Texas Child Support Guidelines

The state of Texas uses a straightforward “percentage of income” method to calculate a parent’s child support obligations. The parent who has the majority of the time with the children and is granted the right to decide where children will live is known as the custodial parent. The non-custodial parent will typically pay child support to the custodial parent.
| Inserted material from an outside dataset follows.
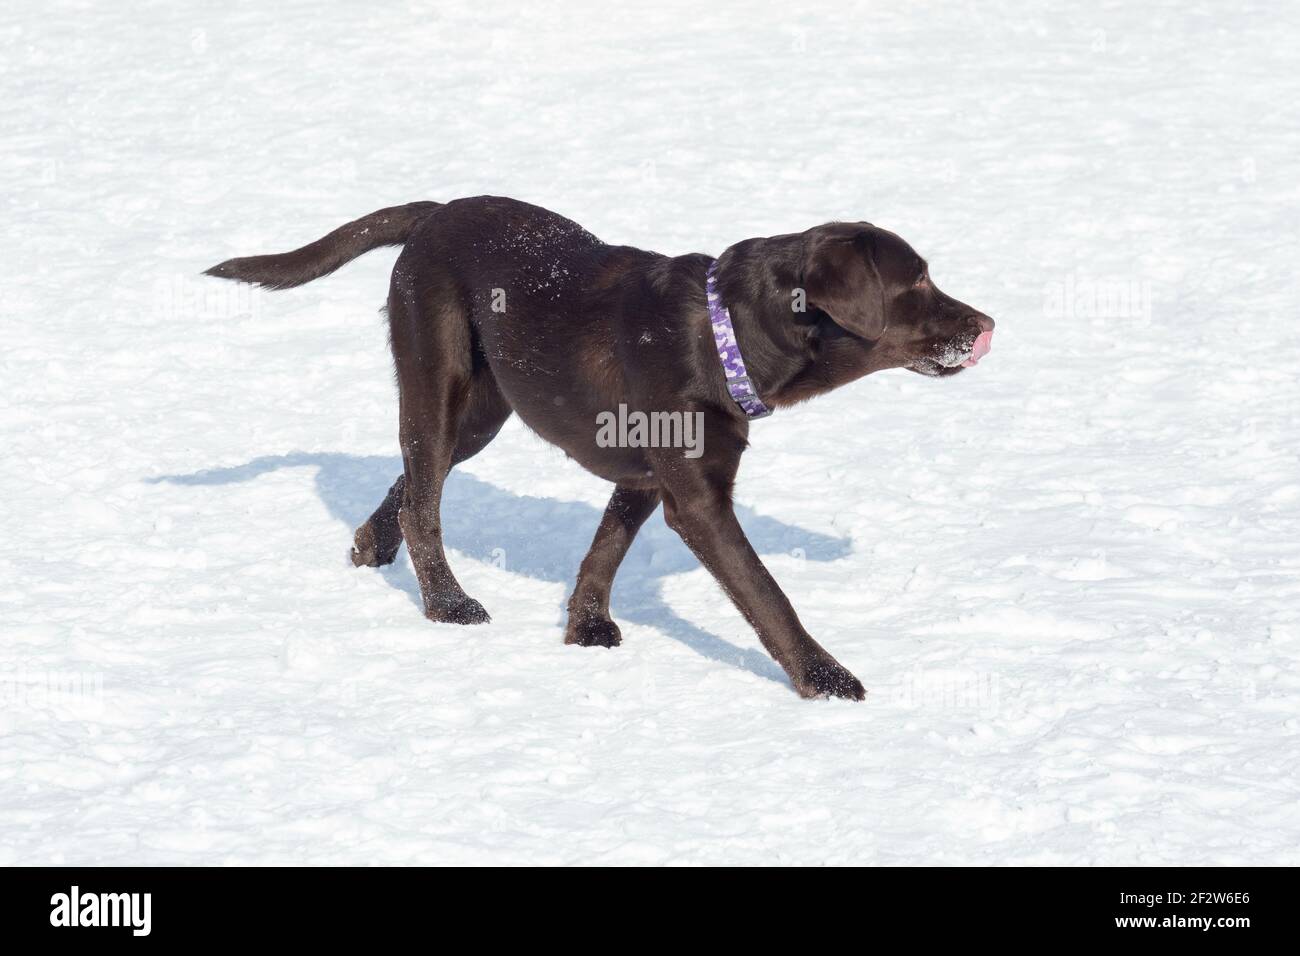 Chocolate labrador retriever is walking on white snow in the winter park. Pet animals. Purebred dog. Stock Photo

The amount of child support is calculated by taking a percentage of the non-custodial parent’s “net resources,” as follows:

  • One child: 20% of the non-custodial parent’s net resources
  • Two children: 25% of the non-custodial parent’s net resources
  • Three children: 30% of the non-custodial parent’s net resources
  • Four children: 35% of the non-custodial parent’s net resources
  • Five children: 40% of the non-custodial parent’s net resources
  • Six or more children: At least the amount that would be paid for five children

A non-custodial parent’s net resources are determined by taking the income they earn and subtracting federal and state income taxes, Social Security taxes, union dues, and amounts paid toward their children’s health insurance, dental insurance, and other medical expenses. In high net worth divorce cases, a parent’s income may not only include the wages they earn, but also interest and dividends on investments, income earned from rental properties, capital gains, income earned from trusts, annuities, pensions, retirement benefits, and gifts.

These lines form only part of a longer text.